Documentation of the code : these isolated tests essentially are the documentation of the contract of each box. As the contract of a box, you can think of a set of pairs (input, output), where we define what should the outputs of a box be for each input. These outputs can either be data returns or side-effects triggered via interaction with its collaborators, depending on the case. A newcomer in the codebase can easily identify what the role of each box is, just by having a look at the associated test.
Design heuristic : writing this kind of tests requires some work to setup the collaborators, which can serve as a signal of design smells. The more collaborators a box has, the more complicated it becomes and after a certain number, it can become almost impossible to reason about it. Each and every one of the collaborators are right there, thus making it much more easier to spot anti-patterns.
Maintainability : the problem with not using test doubles is that it does not scale at all and it degrades very quickly. Our example was quite simple, containing only 3 boxes. So, using the real boxes instead of doubles would probably be perfectly fine, since the logic is quite limited. But, in large codebases that are common across the industry, there are many more boxes, usually hundreds of them. You can think of them as a big tree hierarchy of boxes depending on other boxes. By not using test doubles, the following will happen: you will want to test a box that sits in the top of that hierarchy (say the root of the tree), but you will essentially be testing the whole tree!

If you are following the TDD community, you might have come across the 2 main TDD schools: the classicist school (or Detroit) and the mockist school (or London). If you look on the Internet, you will see articles describing that these 2 schools appear to have a lot of differences, but if you look under the surface, their main difference is one: whether they believe isolation is useful or not. All the rest stem from this basic principle.

Integration testing

So, according to the above, if we write these beautiful, isolated tests for all our boxes, then we should be done, we’ve verified everything works as expected, right? I really wish I could reply with yes.

The ugly truth is that only a set of unit tests (no matter how well written) cannot give us significant confidence that the overall system will work as expected. I’ve met people that have a deep love for unit tests to the point of living under this illusion. Of course, that usually lasts only until they release their system in production to real customers. There are a lot of reasons for this, but the main one is the following: when we are replacing a collaborator with a double, we are essentially defining what is the contract that the collaborator should satisfy. In a separate unit test (belonging to this collaborator), we will probably verify that this contract is satisfied. However, a lot of mistakes can creep into this process. For instance, in our previous example, in the unit test of Calculator we might expect that the LCMCalculator will return 60 for the input (4,5,15), while this has never been tested in the unit test of LCMCalculator because we ended up using different data there, e.g. testing that it returns 72 for the input (3,8,9).

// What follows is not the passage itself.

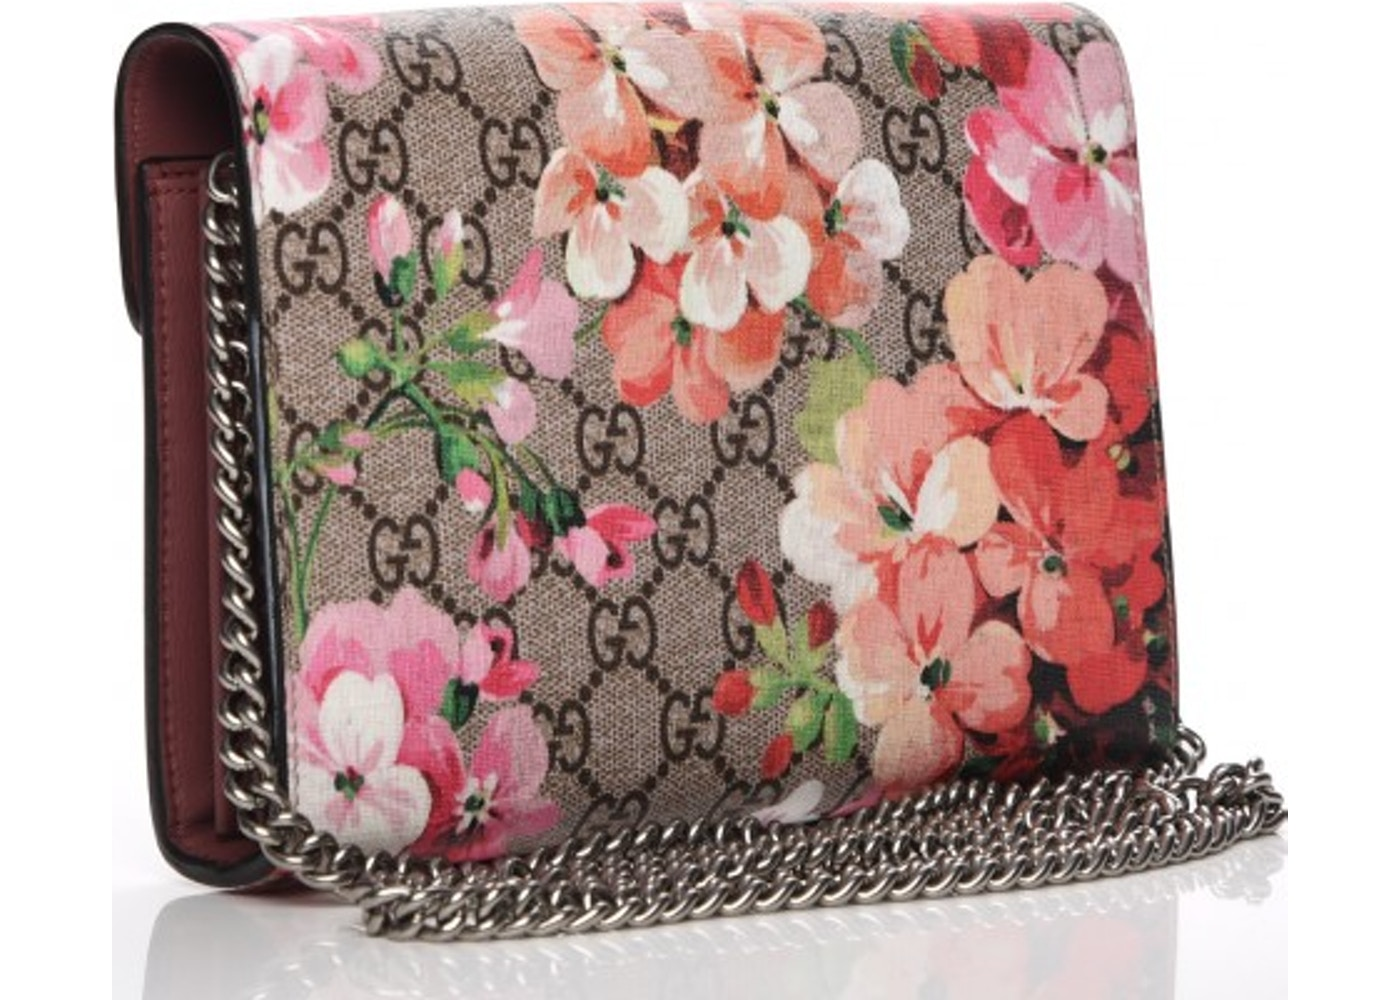 c73c60476fbd Gucci Dionysus Chain Wallet GG Supreme Blooms Mini Antique Rose

This can leave a lot of gaps in the interactions between our boxes. Essentially, we need a way to also test the integration between multiple boxes. And this is why they are called integration tests. So, we take multiple boxes (depending on how many we want to test together), we assemble them and then we write a test that invokes operation at the top-level box, which will essentially exercise the functionality of all the involved boxes. This can obviously provide us with a lot more confidence that our system will function as required. However, it comes with several caveats as well, some of which are the following:

Harder to setup: setting up these tests might require extra work, such as creating fake data in databases or components that are not that simple to initialise.
Harder to troubleshoot: when one of the tests fail, then more work is required to identify which box contains the functionality that is causing the test to fail, since multiple boxes can be included in one of those tests.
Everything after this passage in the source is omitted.